St. Rafael Arnáiz Barón
(9 April 1911, Burgos, Spain – 26 April 1938, Dueñas, Palencia, Spain)
Rafael Arnáiz, known in the monastery as Brother María Rafael, was born on 9 April 1911 in the city of Burgos, in north-central Spain. He was the first of four sons born to a well-to-do, deeply Christian and Catholic family. As a boy he went to several schools run by the Jesuit Fathers. By the time of his adolescence it became clear that Rafael had special human, intellectual, artistic and spiritual gifts. These qualities were remarkably well balanced in him, producing an open, positive, joyful attitude to the world of persons and things, characterized by exuberant good humor, respect and humility.
His deeper commitment to Christ began in 1930, just after he graduated from Secondary (High) School. As a graduation present, he was allowed to pass his summer vacation with his Uncle Leopoldo and Aunt María, the Duke and Duchess of Maqueda, at their residence near Avila. It marked the beginning of a fruitful spiritual friendship between the nephew and his Uncle and Aunt. At their encouragement, Rafael made his first contact with the Trappist monastery of San Isidoro de Dueñas. It was September 1930. He was seduced by the silent beauty of the monastery and bewitched by the soaring melodies of the Salve Regina at Compline. Three years later, after finishing his architectural studies, he entered as a postulant, then became a novice, convinced that this was his true vocation. He brought nothing with him except “a heart full of joy and the love of God.”

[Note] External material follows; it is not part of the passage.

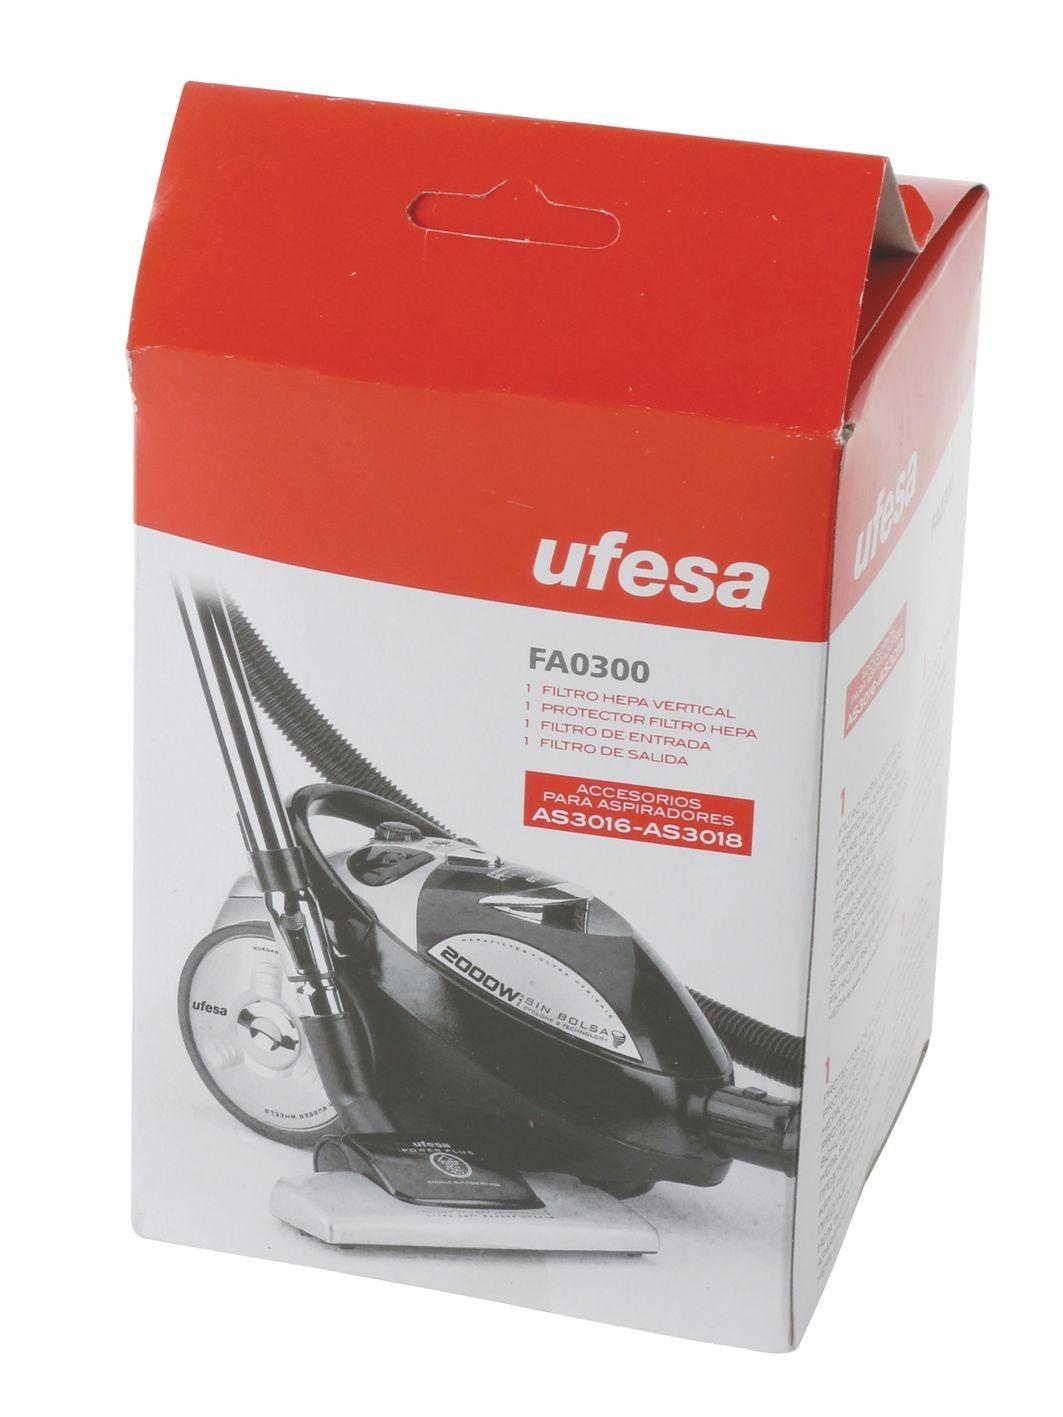 Filtro HEPA c/protector + filtros entrada y salida para aspirador Ufesa AS3016-AS3018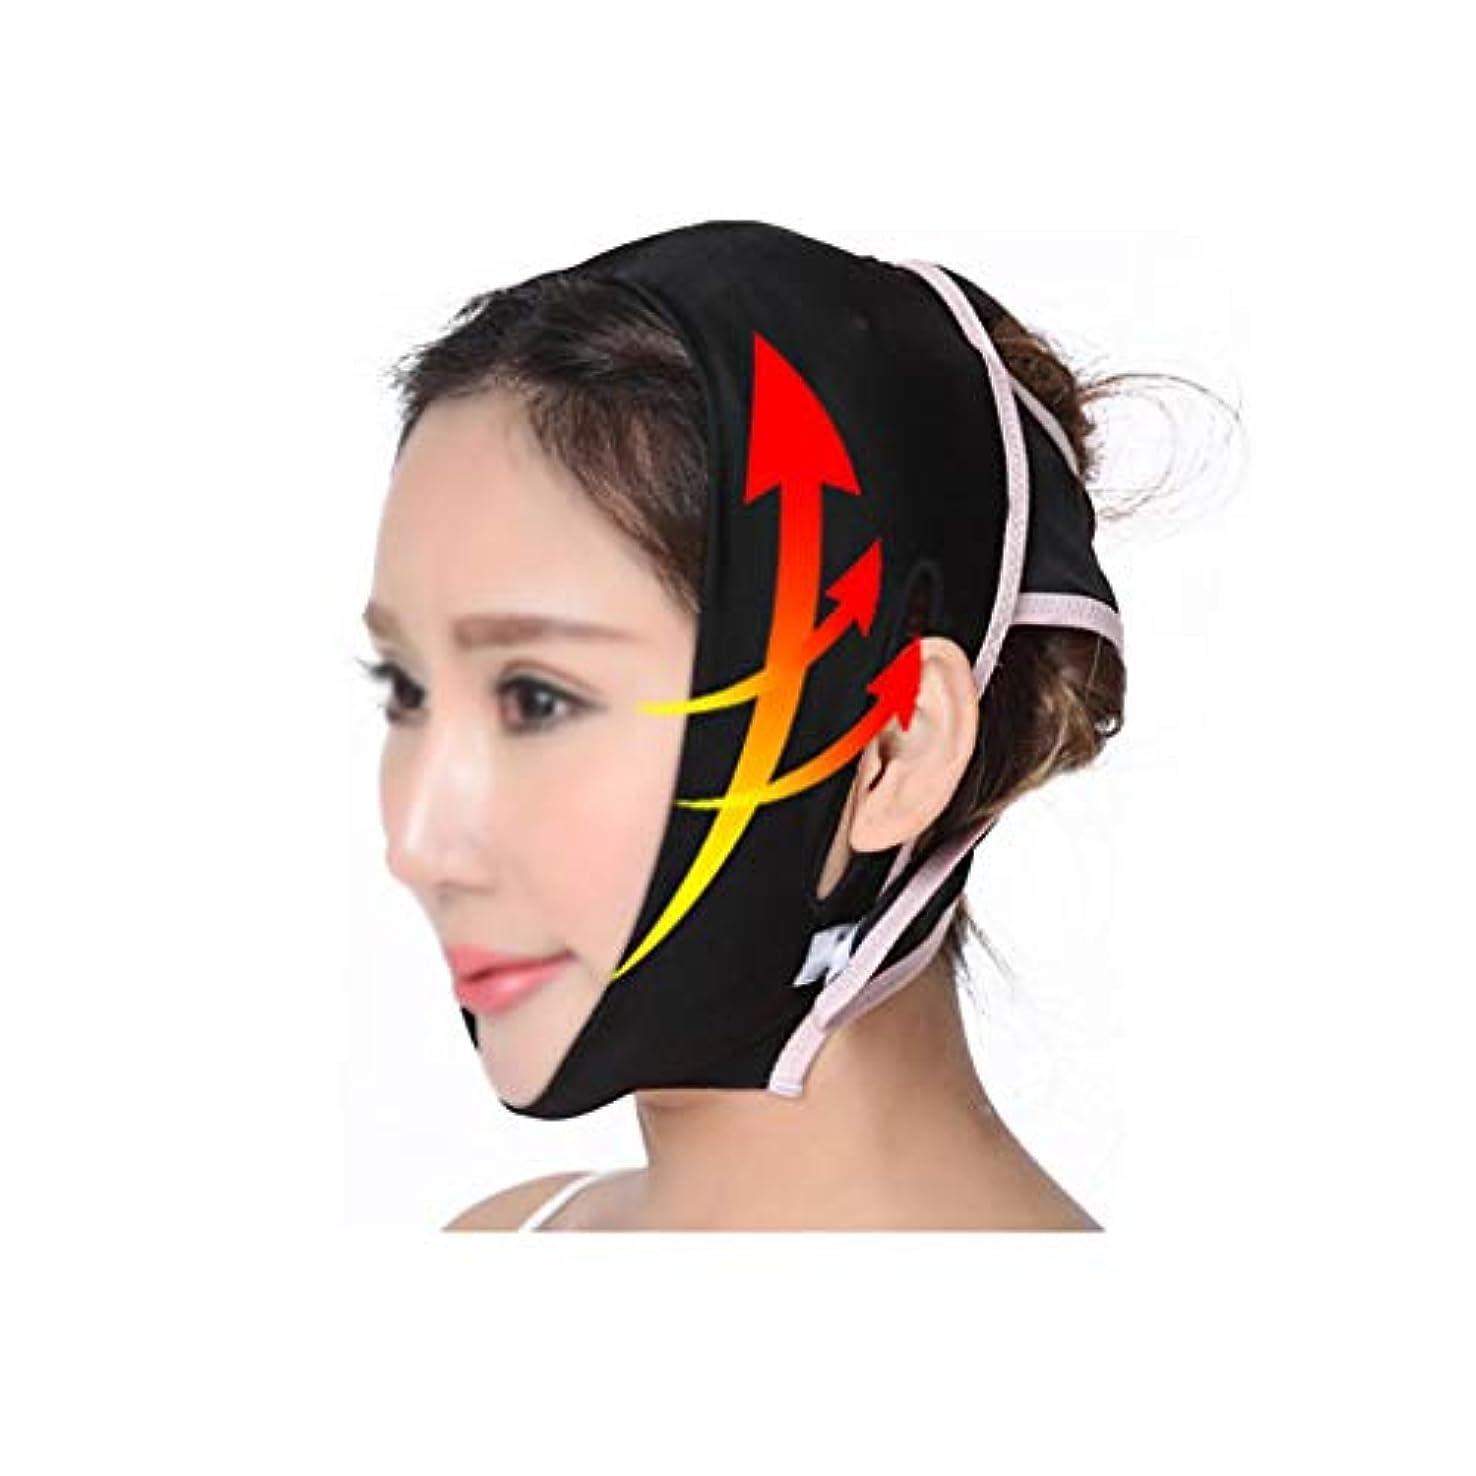 大惨事アイザック役立つフェイスリフトマスク、フェイシャルマスク睡眠顔整形フェイス包帯フェイシャルリフティングVフェイスフェイスアーチファクト回復通気性ネックストラップ (Size : L)

From that moment on, Rafael’s personal odyssey runs at high speed, for he will live only four more years. The precipitating factor is a violent case of saccharin diabetes which appears four months after his entering the monastery. The saddened, perplexed novice is forced to rest at home for a few months then return to the monastery, which he does three successive times from 1935 through 1937, at the height of the Spanish Civil War. Rafael is called into the Nationalist Army but is declared unfit for active duty. On his final return to the monastery he is obliged to enter as an oblate, taking the last place and living on the margin of the community, but God’s Providence uses this to show Rafael’s intense vocational commitment and the generosity of his gift of self. He passed away in the monastery’s infirmary at the age of 27, on 26 April 1938.
Despite the short time frame of his monastic experience, Rafael embodies the Cistercian grace in a remarkably pure and intense way. It is a mystery of detachment. From beginning to end he let himself be led through a series of bewildering contradictions and perplexities – sickness, war, inability to pronounce his vows, abnormal community relations – until he totally renounces himself, his self-will and his good, but limited, human ideals. Humiliation is his constant companion until he reaches the true life of the vows, which lies on the other side of death. Rafael’s God, his Christ, is not the object of study but the Companion of a transcendental lived experience of absolute Love. His one desire was to live in order to love: love Jesus, love Mary, love the Cross, love his Trappist monastery. This is the outstanding characteristic of his personal spirituality. He is “a crazy Trappist, crazed by the love of God:… God alone!”
Rafael was proclaimed as a model for the youth of today by Pope John Paul II. He was beatified in 1992 and canonized on October 11, 2009.